Underlying Professional Structures

The study suggests that emotional differences alone do not fully explain these varied responses. Instead, the attitudes reflect underlying pressures within each profession's structure. Ordinary professionals' caution stems from an organizational environment where impression management is crucial. For them, AI use is a signal that could alter perceptions of their professionalism.

Creators' tension arises from direct market competition, where their income, style, and work value are constantly assessed. The use of AI raises questions about maintaining their unique identity and originality. Scientists' approach is rooted in the long-term accumulation of judgment and reliability, where the cost of error is high. For them, AI is a system with potential for mistakes, and caution is driven by the demands of their discipline.

Anthropic's research indicates that AI reveals the "irreplaceable core" of each profession. The technology itself is neutral, but its application within different work structures triggers distinct psychological responses. These findings suggest that differences in attitudes toward AI are not solely technology-driven but are shaped by professional structures, evaluation systems, and survival strategies.

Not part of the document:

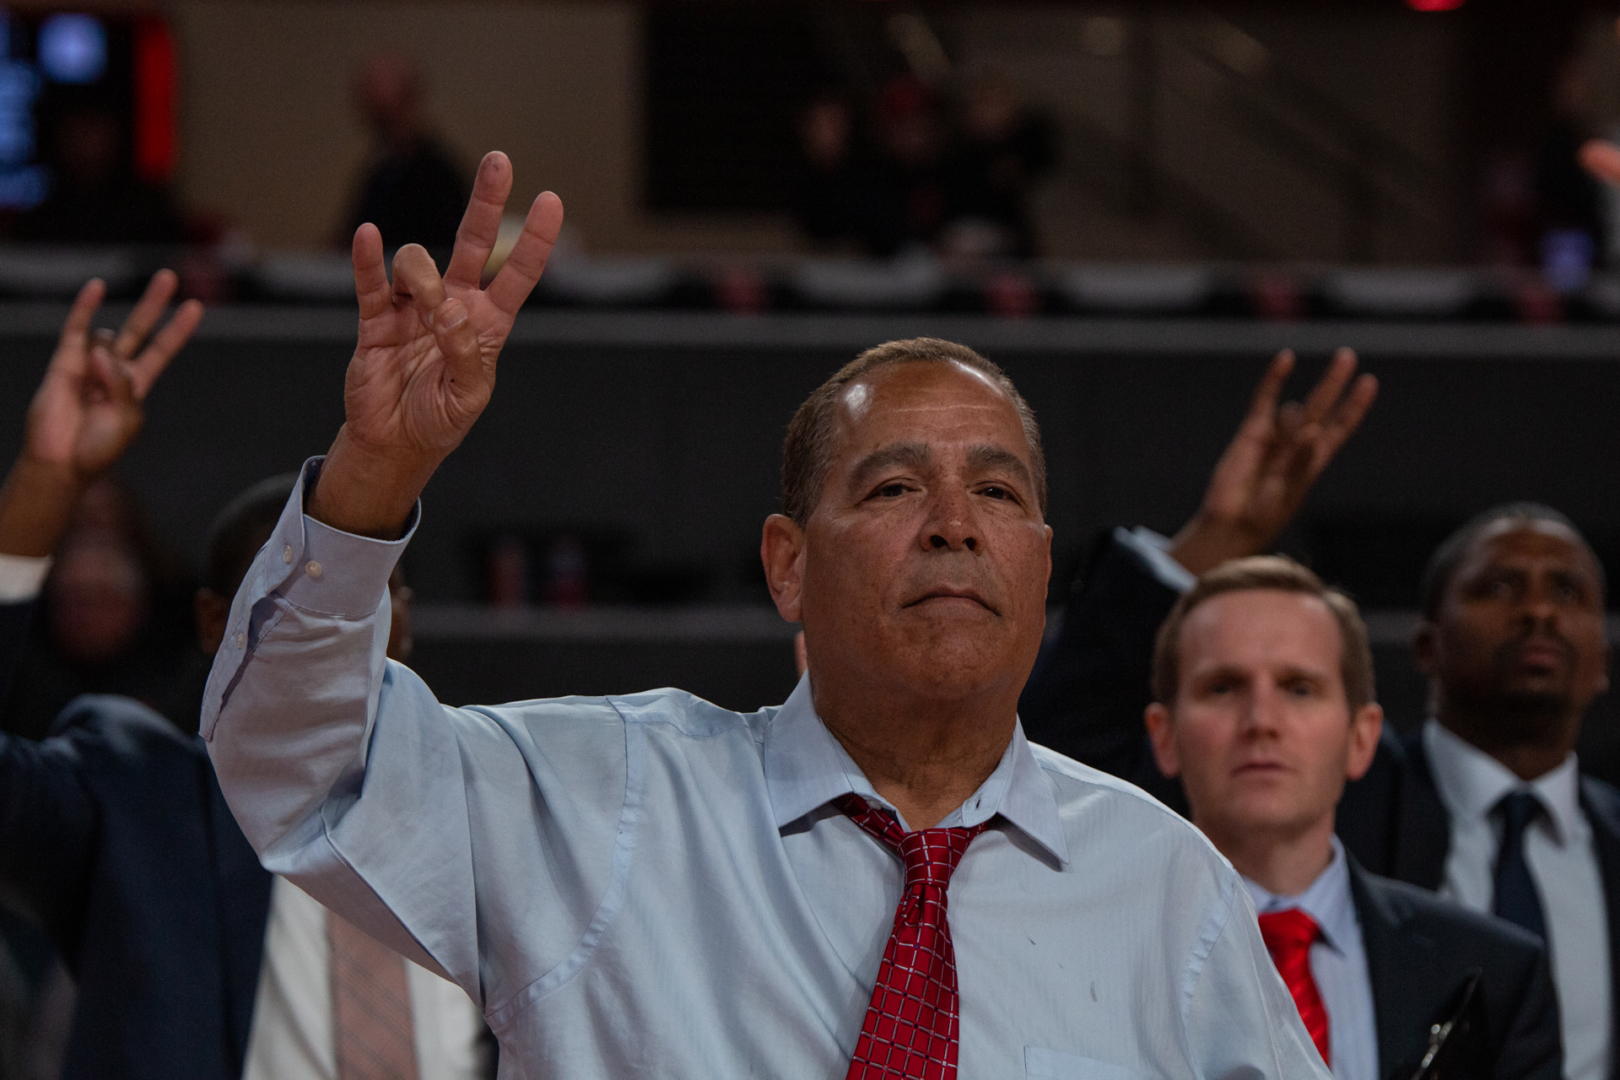 Head coach Kelvin Sampson said he was a "a little bit surprised by the Cougars' offensive stats so far this season, particularly Houston's 86 points per game average and nearly 50 percent shooting. | Kathryn Lenihan/The Cougar

Future of Human-AI Collaboration

Anthropic views Interviewer as a step toward understanding "relational variables" often overlooked in AI development—how people build relationships with AI beyond chat interactions. The company aims to understand users' feelings, expectations, and boundaries regarding AI, which are crucial for determining the future influence of large models.

By employing in-depth interviews rather than traditional questionnaires, Interviewer allows users to express implicit information, such as how they balance efficiency and identity, explain their AI usage, and articulate their concerns. This information, not typically found in chat logs, is vital for guiding product iteration and shaping the human-model collaboration. Anthropic's goal is to train future models to integrate into diverse professional lives without disrupting existing structures. The 1,250 interviews represent an initial effort to shift the perspective back to human experiences, aiming for models that evolve from the "human-AI relationship" rather than solely from technological advancements.